With more than 1.5 billion people affected, anemia is one of the most common clinical conditions worldwide. Moreover, anemia is a clinical co-morbidity frequently encountered in patients with coronary artery disease undergoing percutaneous coronary intervention (PCI). In patients undergoing PCI, especially those presenting with an acute coronary syndromes, baseline hemoglobin levels have been observed to be strongly related to adverse prognosis with increased risk for ischemic and bleeding complications. Moreover, patients with anemia undergoing revascularization are often frail and subject to significant undertreatment compared with patients without anemia. Atherothrombotic events are caused by atherosclerotic plaque rupture followed by thrombogenic pathways induction; a process in which, platelet activation plays a key role. Available evidence suggests that hemoglobin and erythropoietin levels modulate the propensity for intravascular thrombosis ; however, whether the effect of anemia on ischemia and bleeding is independent from the degree of pharmacological platelet inhibition and other concurrent clinical co-morbidities is currently unclear. Given the risks and benefits of dual antiplatelet therapy (DAPT) after drug-eluting stent (DES) implantation, an accurate characterization of the hemorrhagic and thrombotic risk of anemic patients undergoing PCI is crucial to optimize mid- and long-term outcomes. Therefore, in the present analysis from the Assessment of Dual Antiplatelet Therapy with Drug-Eluting Stents (ADAPT-DES) study, we sought to characterize the impact of anemia at baseline on residual platelet reactivity on clopidogrel and its effect on thrombotic and hemorrhagic risk.


The ADAPT-DES study was a prospective, multicenter registry specifically designed to determine the association between platelet reactivity and stent thrombosis (ST) after DES implantation. The design and major outcomes of ADAPT-DES have been previously described.

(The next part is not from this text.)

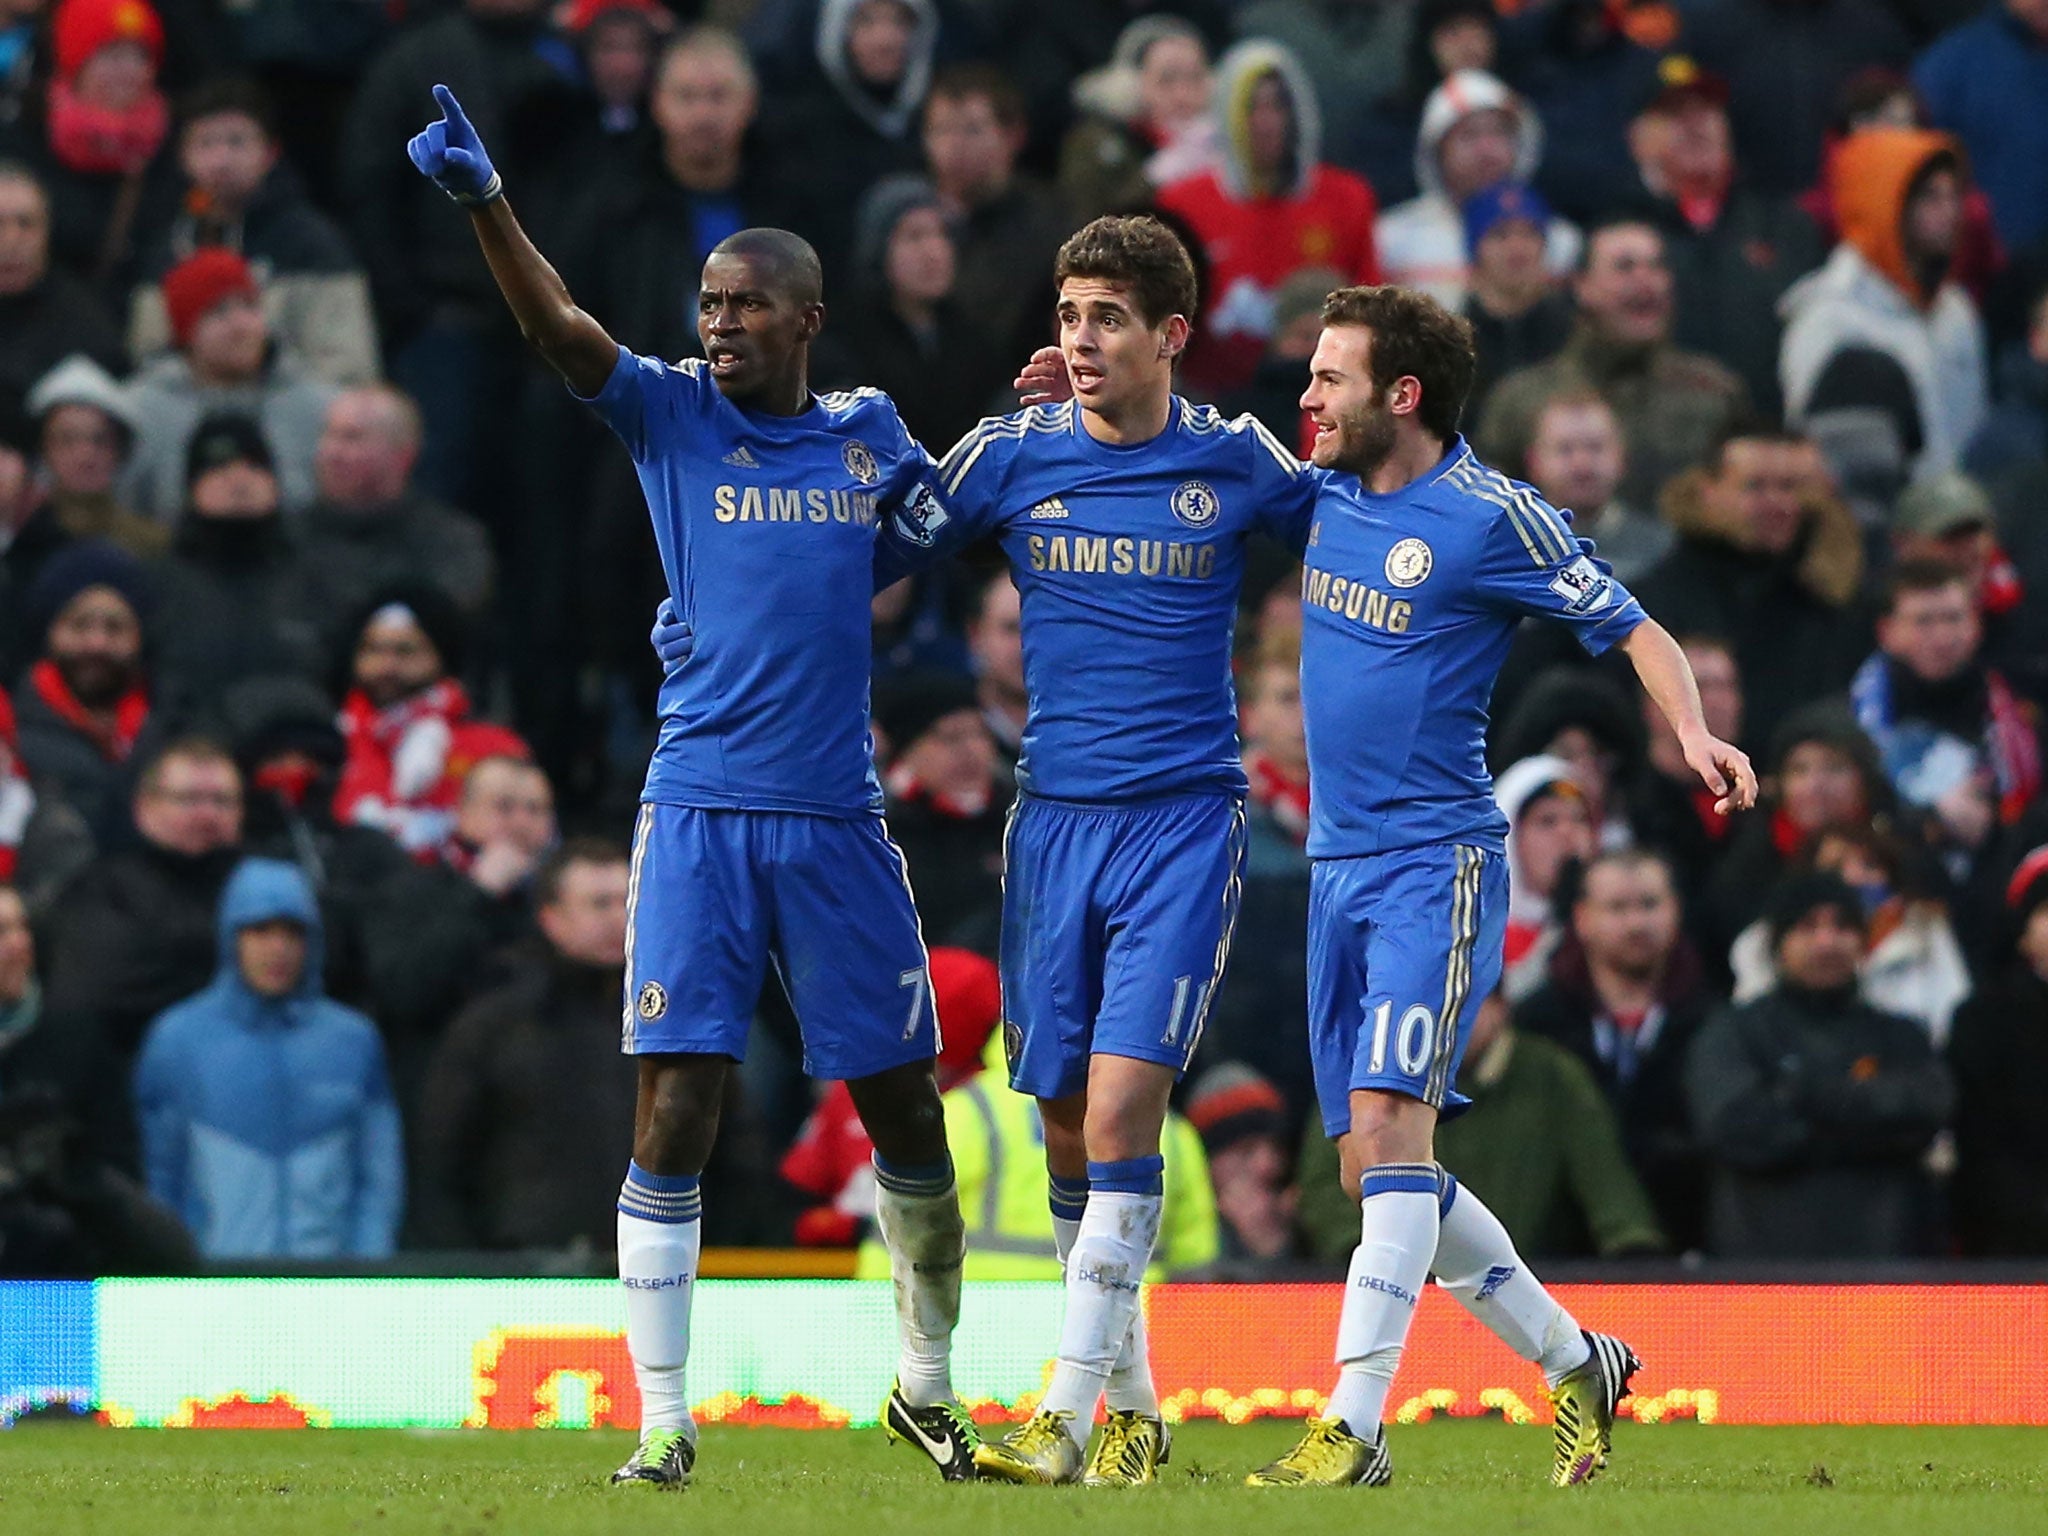 Ramires (l) of Chelsea celebrates scoring his team's second goal with team-mates Cesar Azpilicueta and Juan Mata (r)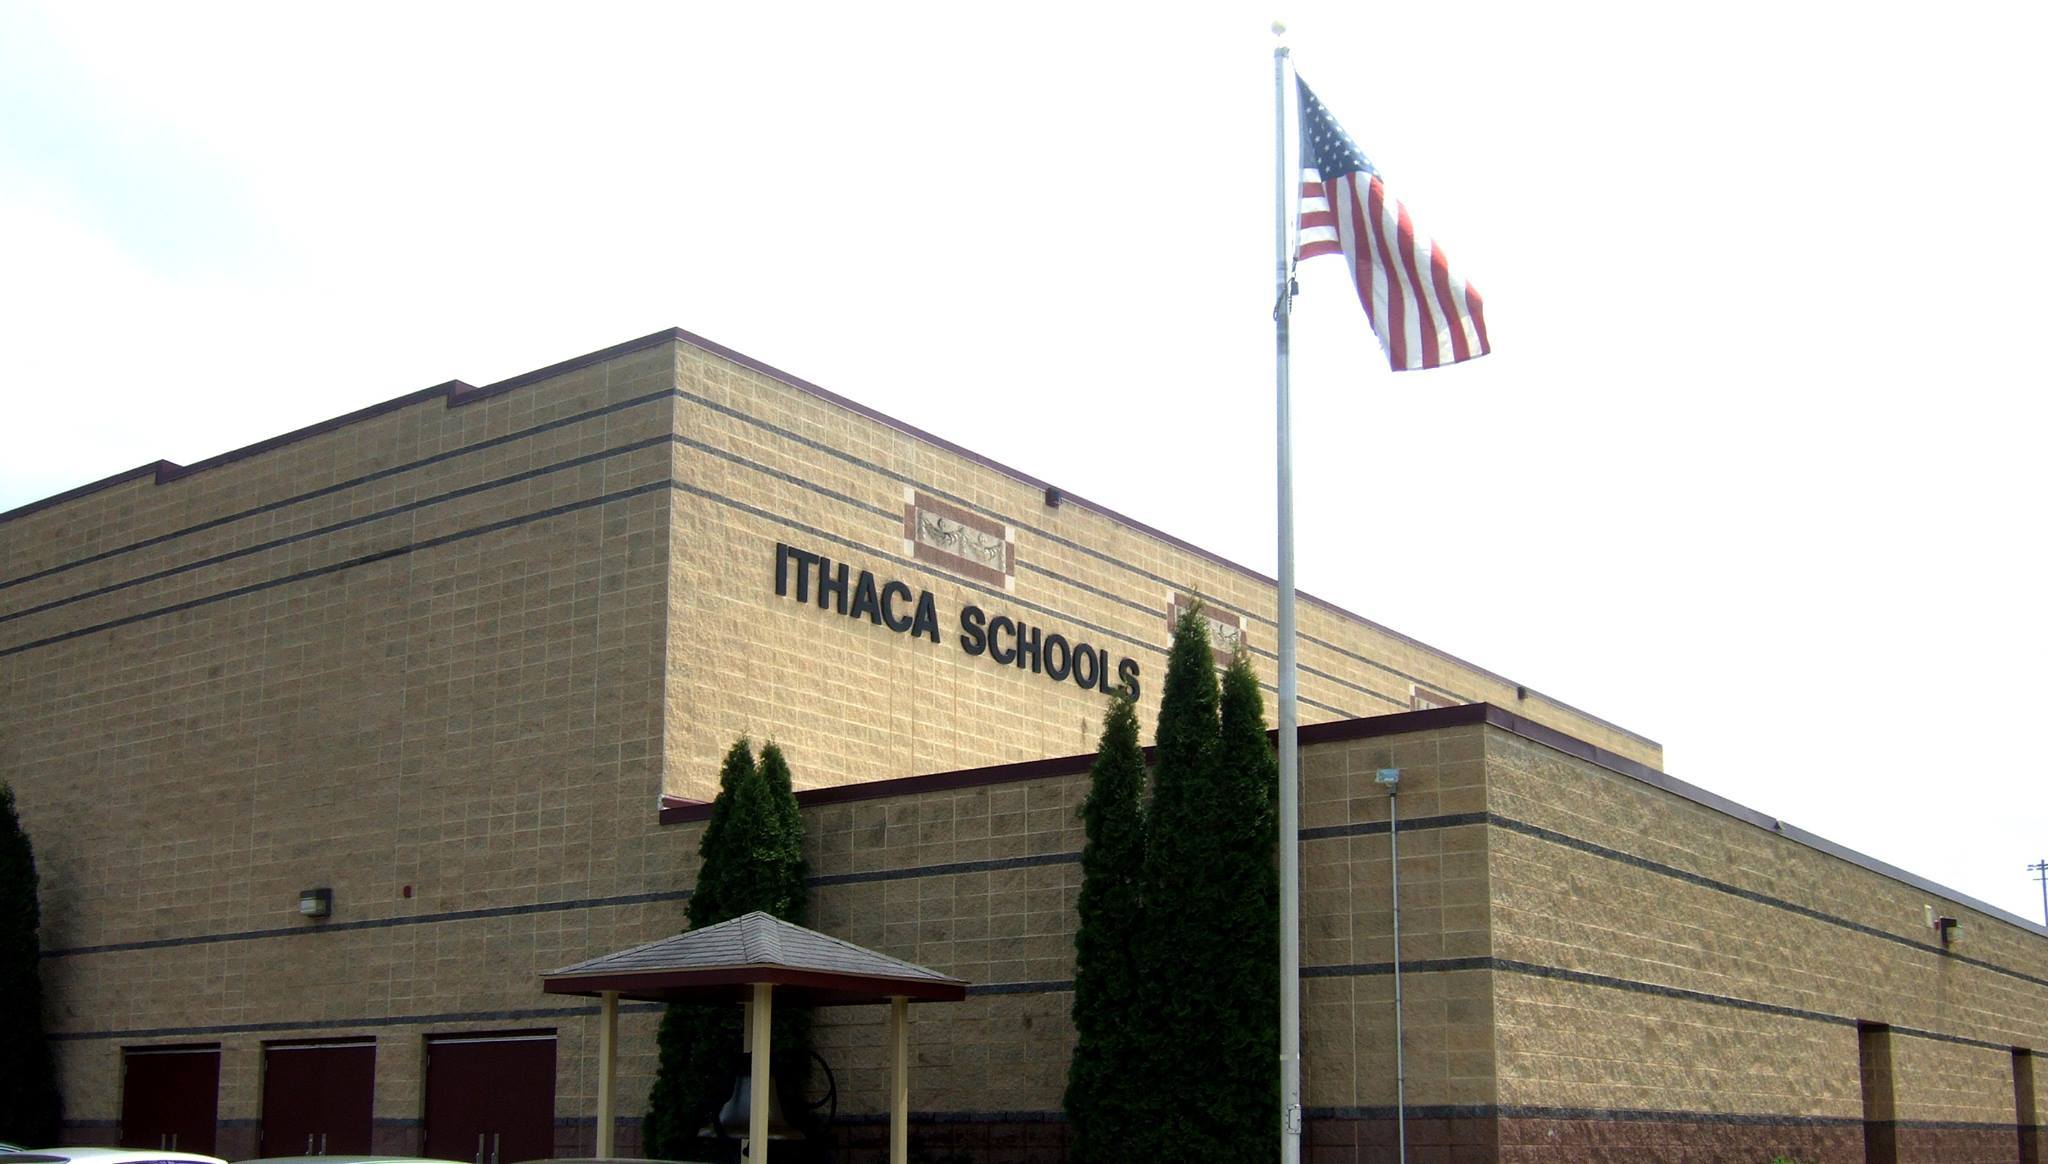 Ithaca School District

In brief, a total of 8,582 all-comers patients were prospectively enrolled at 11 sites in US and European hospitals. All patients who were successfully treated with 1 or more DES and who were adequately loaded with aspirin and clopidogrel were eligible for enrollment, regardless of clinical presentation or lesion complexity. The only major exclusion criteria were the occurrence of a major complication during the procedure or before platelet function testing, or if bypass surgery was planned after PCI. In addition, patients with hemoglobin <10 mg/dl and platelet count <100,000/mm 3 were excluded from the study cohort. Platelet reactivity on aspirin and clopidogrel was assessed after an adequate loading period to ensure full antiplatelet effect using the VerifyNow Aspirin, P2Y12, and IIb/IIIa assays (Accumetrics, San Diego, California). After PCI, patients were treated with aspirin indefinitely, and clopidogrel was recommended for at least 1 year. All other treatments were as per standard of care. Clinical follow-up was scheduled at 30 days, 1 year, and 2 years. An independent clinical events committee blinded to platelet function testing results adjudicated all events using original source documents. The institutional review board at each participating center approved the study, and all eligible patients signed written informed consent before enrolment.

The objectives of the present study were to: (1) characterize the unadjusted and adjusted association between baseline anemia and high platelet reactivity (HPR); (2) evaluate the crude and independent effect of anemia on major adverse cardiac events (MACE) and major bleeding; and (3) investigate the impact of HPR in patients with and without anemia on clinical outcomes. Anemia was defined as a hemoglobin concentration ≤12.0 mg/dl for women and ≤13.0 mg/dl for men, according to the World Health Organization definition. HPR was defined as P2Y12 reaction unit (PRU) value of >208. The coprimary end points of interest were MACE and major bleeding. MACE was defined as the composite of cardiac death, myocardial infarction (MI), or definite or probable ST. End point definitions used in the ADAPT-DES study have been previously reported.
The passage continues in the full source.